WORK ITEM
Transcribe each line below verbatim; pictures excluded.

STORED DATA
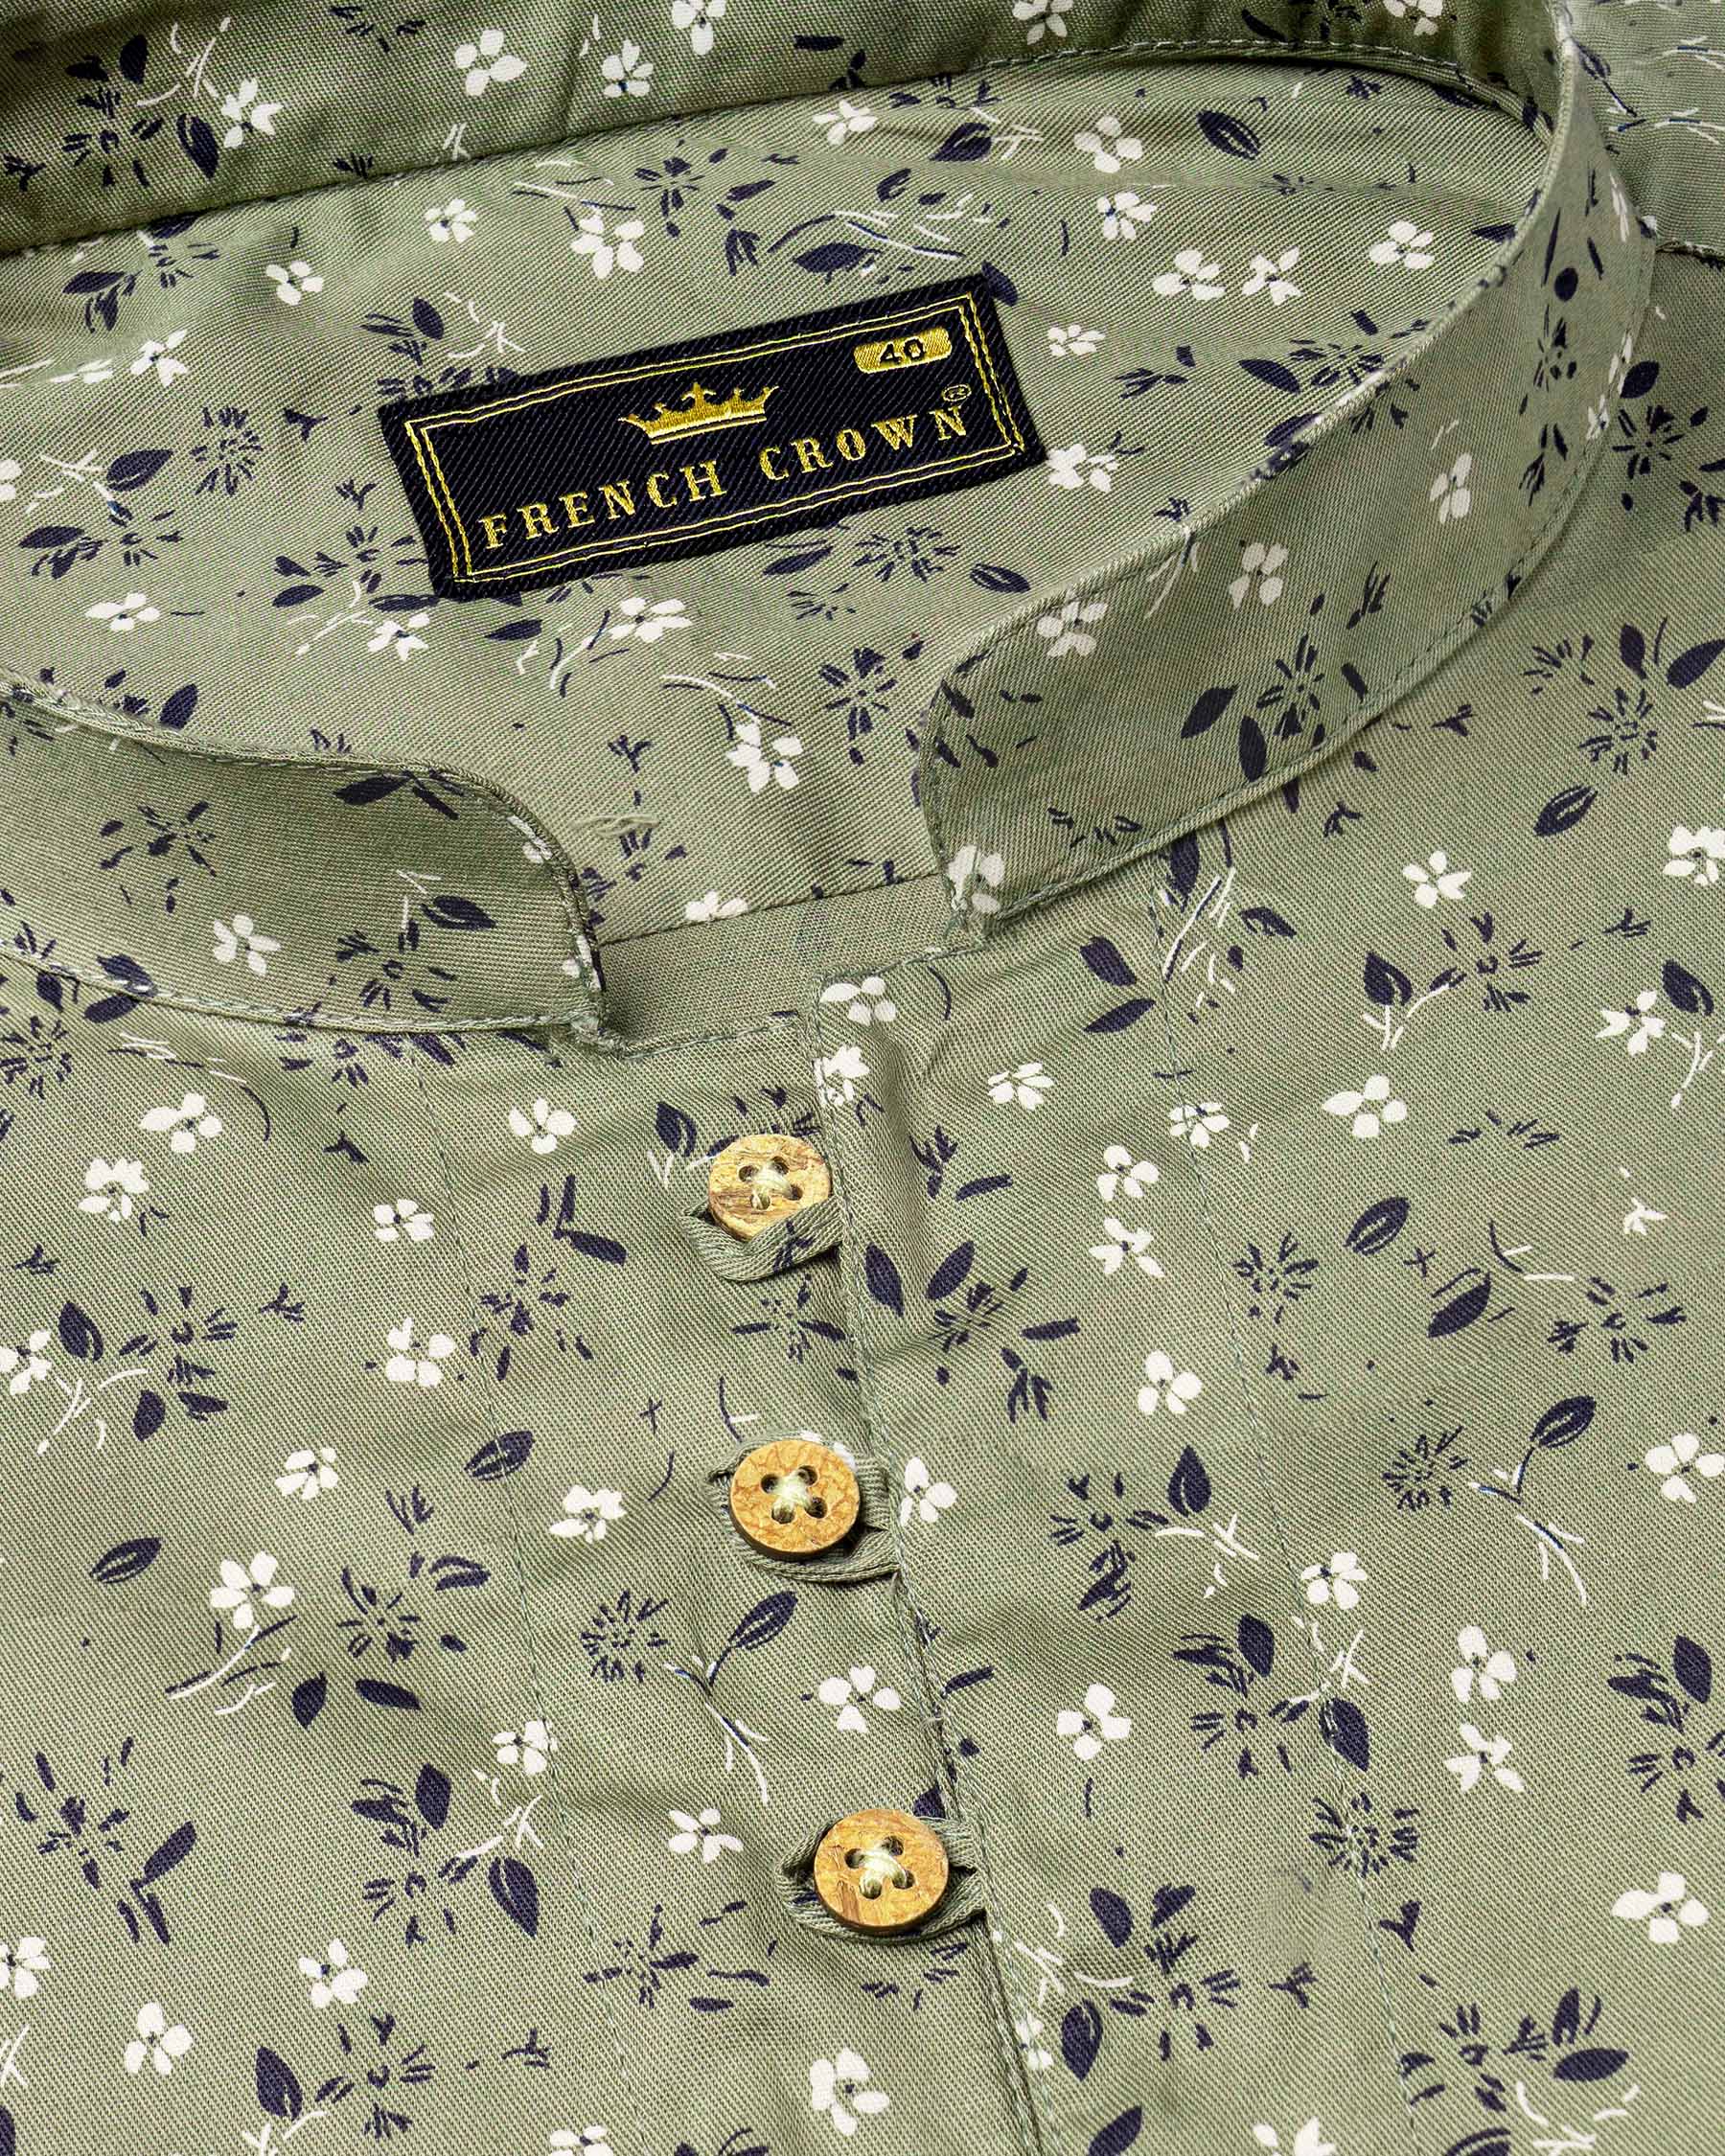 Pale Green Floral Printed Twill Premium Cotton Kurta Shirt 6950-KS-38,6950-KS-H-38,6950-KS-39,6950-KS-H-39,6950-KS-40,6950-KS-H-40,6950-KS-42,6950-KS-H-42,6950-KS-44,6950-KS-H-44,6950-KS-46,6950-KS-H-46,6950-KS-48,6950-KS-H-48,6950-KS-50,6950-KS-H-50,6950-KS-52,6950-KS-H-52
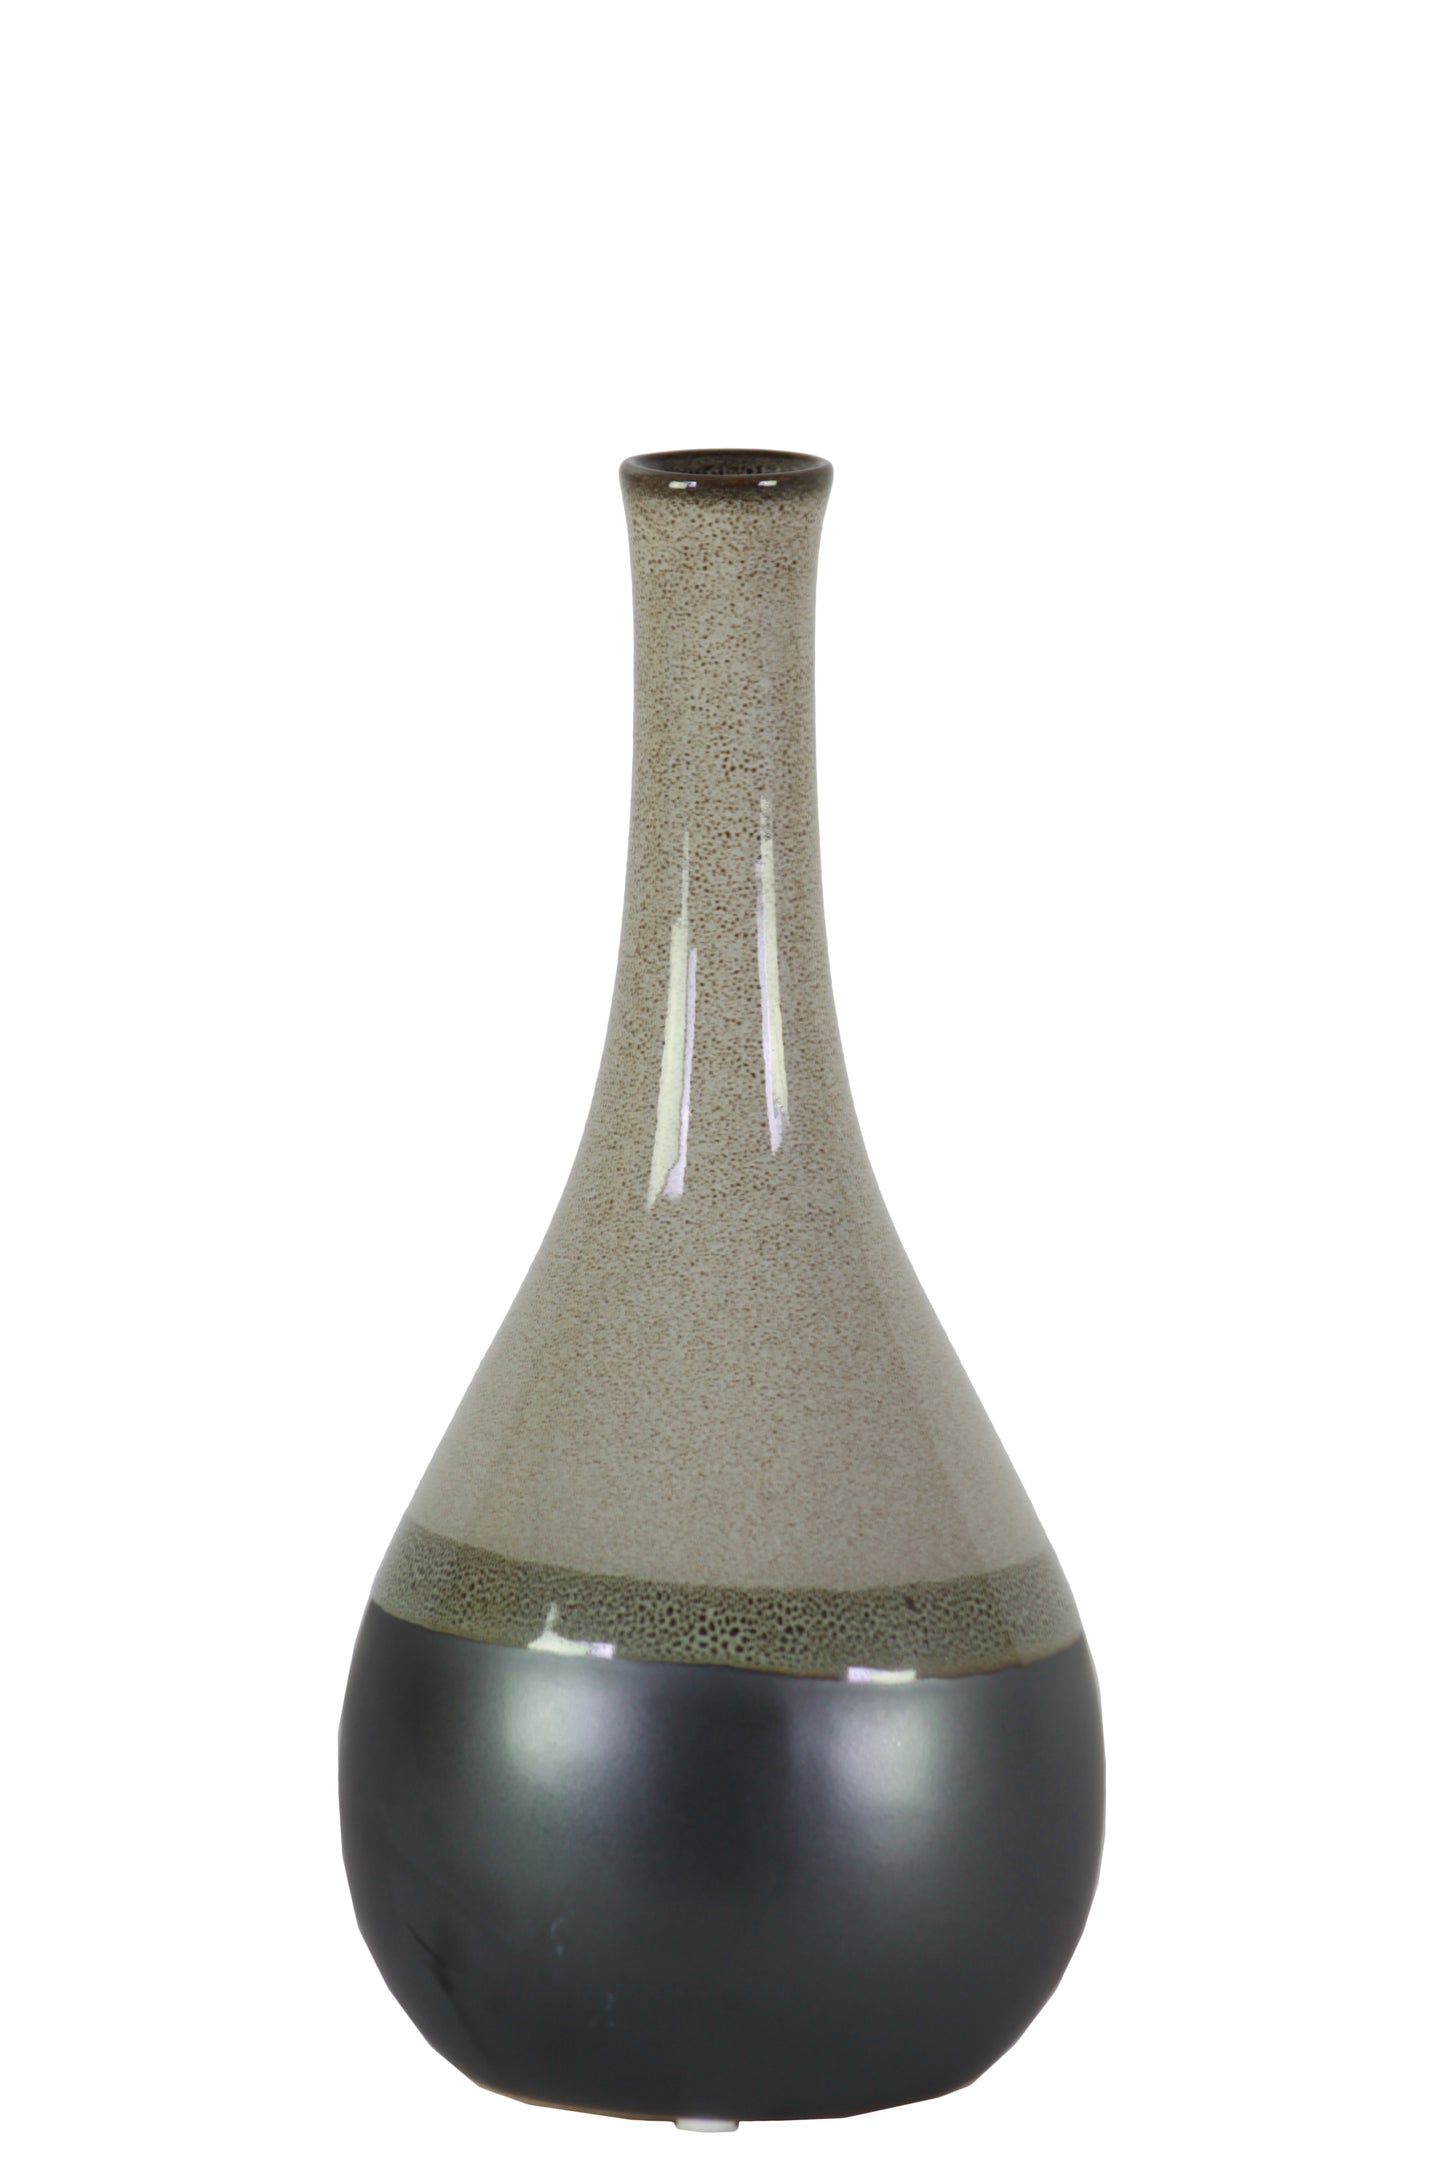 Ceramic Bellied Round Vase with Small Mouth, Long Neck and Black Banded Rim
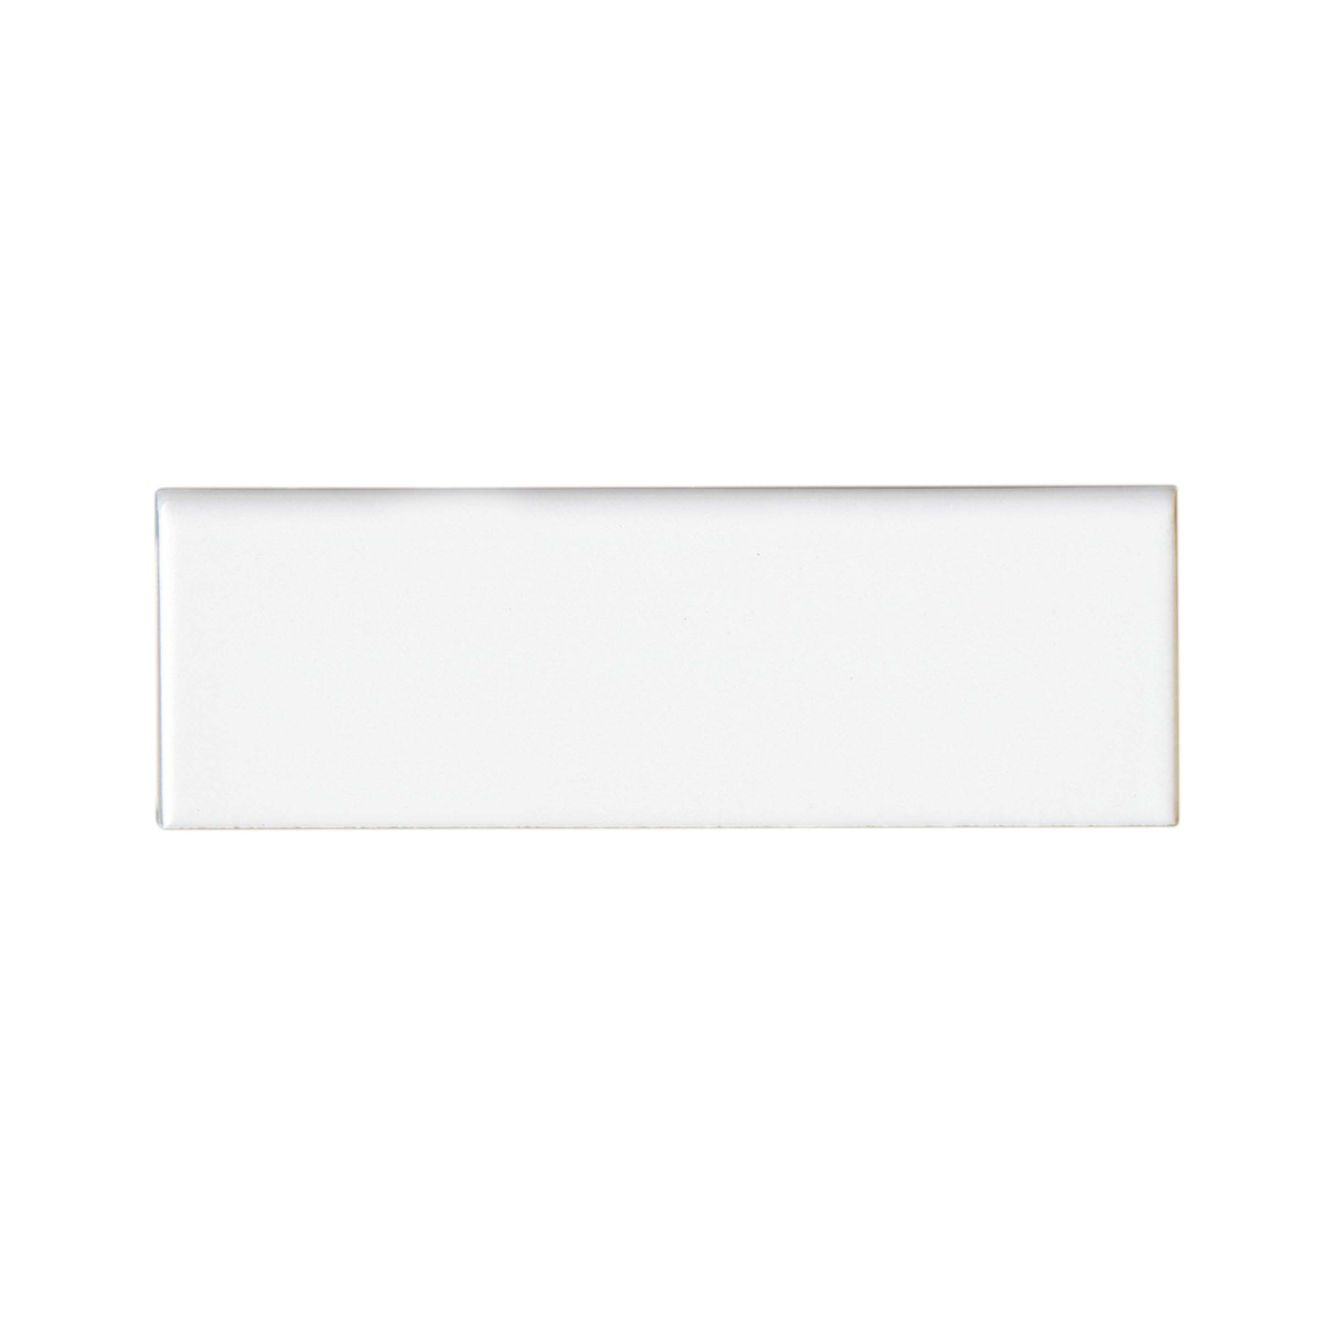 Traditions 3" x 10" Bullnose Trim Tile

EXERCISE SOLUTION
 Pale Green Floral Printed Twill Premium Cotton Kurta Shirt 6950-KS-38,6950-KS-H-38,6950-KS-39,6950-KS-H-39,6950-KS-40,6950-KS-H-40,6950-KS-42,6950-KS-H-42,6950-KS-44,6950-KS-H-44,6950-KS-46,6950-KS-H-46,6950-KS-48,6950-KS-H-48,6950-KS-50,6950-KS-H-50,6950-KS-52,6950-KS-H-52
 Ceramic Bellied Round Vase with Small Mouth, Long Neck and Black Banded Rim
 Traditions 3" x 10" Bullnose Trim Tile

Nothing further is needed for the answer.